The charge against Rosenberg doesn’t identify Credit Suisse, but refer to the same allegations described in the Senate report, according to people familiar with the matter. U.S. authorities are weighing whether the Swiss bank breached the terms of its 2014 deal, said the people, who asked not to be identified discussing internal discussions.

UBS said in its third-quarter report that it had a provision for potential costs tied to inquiries into its cross-border wealth management services, including Credit Suisse’s compliance with the 2014 plea deal. It didn’t disclose an amount for the provision.

UBS could announce a settlement with prosecutors for violating terms of the 2014 deal as soon as this week, the Wall Street Journal reported on Thursday. The bank could agree to pay at least hundreds of millions of dollars, according to the report. The UBS spokesperson declined to comment on a possible settlement. 

Under its plea agreement with the U.S., Credit Suisse had to disclose all undeclared U.S. accounts closed and transferred from 2008 to 2014. Disclosing those account holders, known as “leaver lists,” was a U.S. requirement for Credit Suisse, several other Swiss banks that faced criminal charges, and 80 Swiss banks that made deals to avoid prosecution.
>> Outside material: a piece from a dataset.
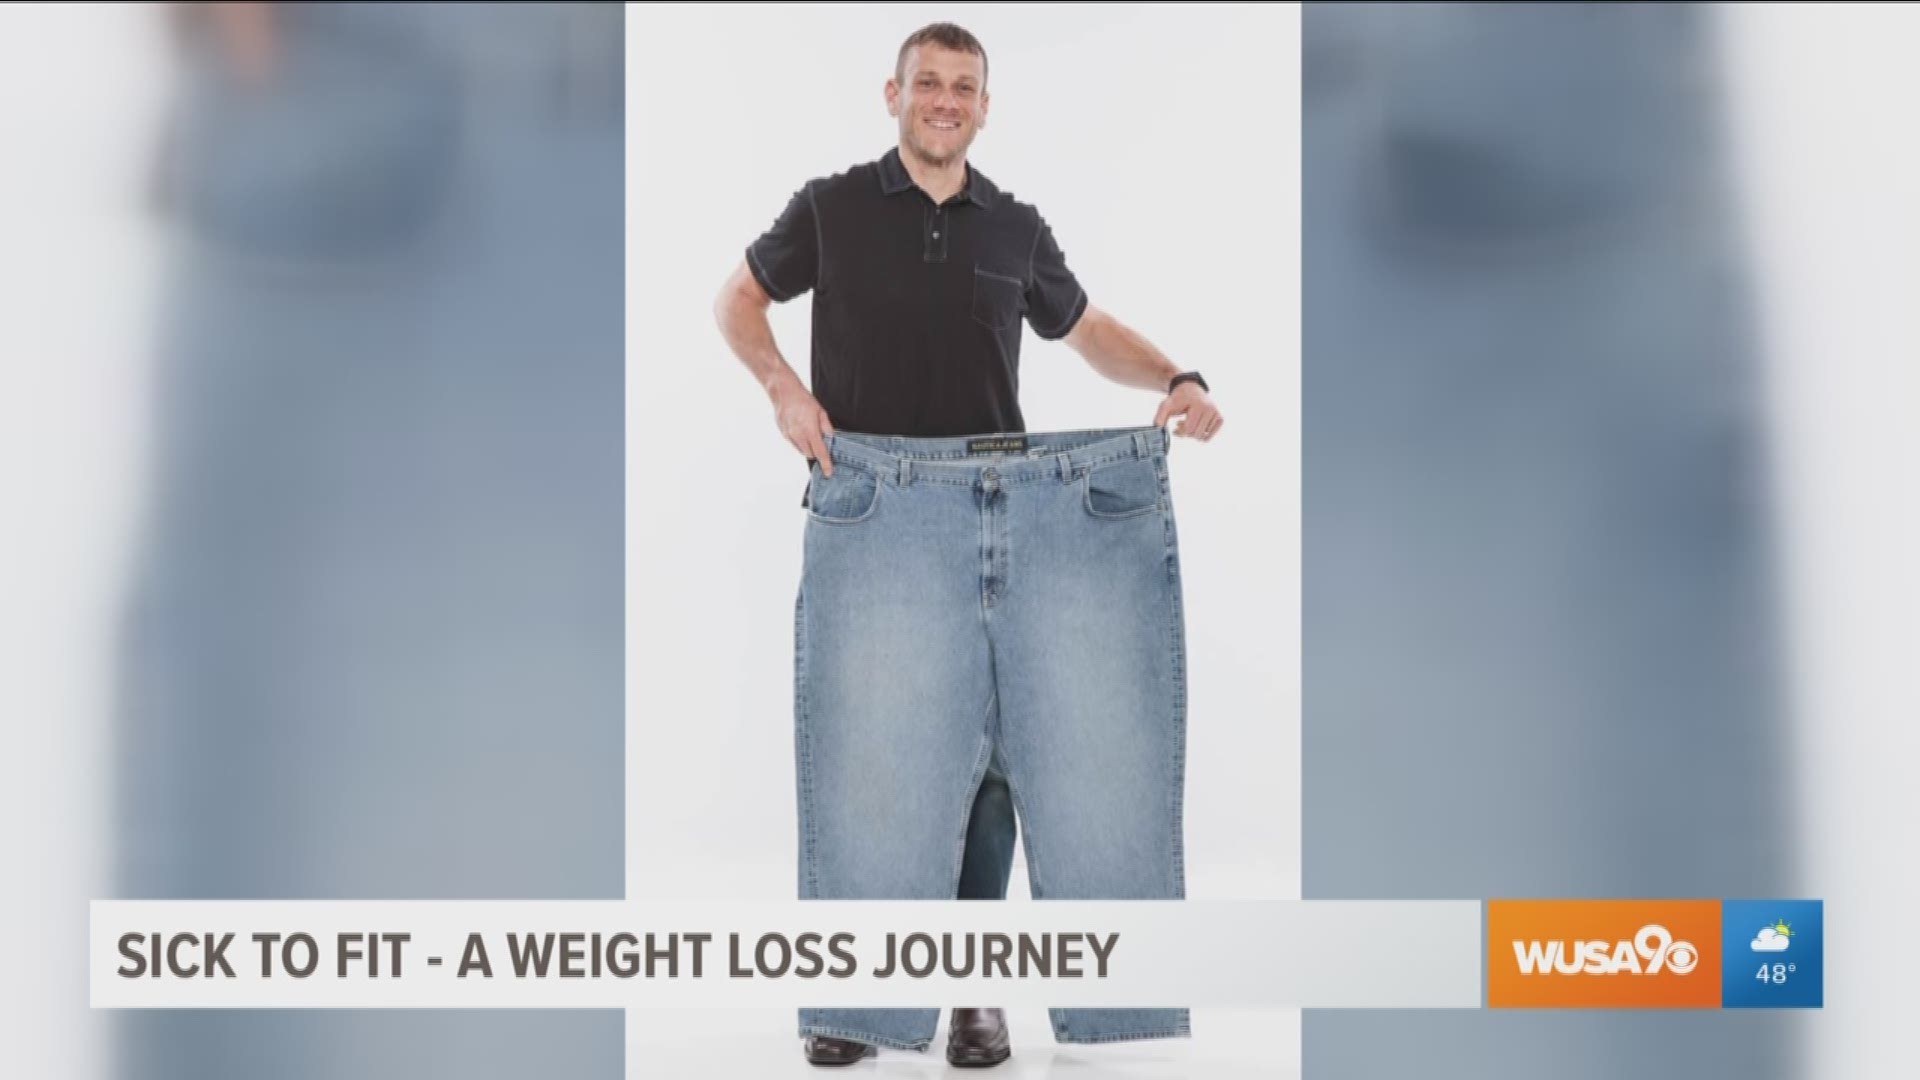 Co-Founder of WellStart Health and author of "Sick to Fit" Josh LaJaunie takes us through his journey from weighing over 400 pounds to being a weight loss sensation.

At the time of the report in 2023, Senator Ron Wyden, the Oregon Democrat who chairs the committee, slammed “greedy Swiss bankers” who appeared to be engaged in a “massive, ongoing conspiracy to help ultra-wealthy U.S. citizens to evade taxes.”

The report was released around the same time that Credit Suisse was being sold to rival UBS in a 3 billion franc ($3.3 billion) deal brokered by the Swiss government after years of scandal and mismanagement. 

‘Donate’ assets

Gilda Rosenberg was charged in a so-called criminal information. In a separate case last year, she pleaded guilty in Texas to conspiracy to commit wire fraud involving a Miami vending machine company she owns. She is scheduled to be sentenced on April 30. 

Rosenberg, a U.S. citizen, was born in Colombia and lives in south Florida, according to the tax charge. She conspired with two family members also born in Colombia, the U.S. alleges. They hid money in accounts in Switzerland, Spain, Israel and Andorra, prosecutors charged. 

Rosenberg and one relative agreed to sign documents purporting to “donate” assets in undeclared accounts to the other relative, the U.S. alleges. She also caused her return preparer to underreport income to the IRS and falsely say she had no interest in a foreign financial account, according to the charge.  

Since the bank’s 2014 guilty plea, other U.S. clients of Credit Suisse have been charged in tax cases. In 2016, Dan Horsky pleaded guilty to hiding more than $200 million in assets from the IRS. A Brazilian-American businessman, Dan Rotta, was indicted last year for allegedly using Credit Suisse, UBS and other Swiss banks to hide more than $20 million in assets from U.S. tax authorities over 35 years.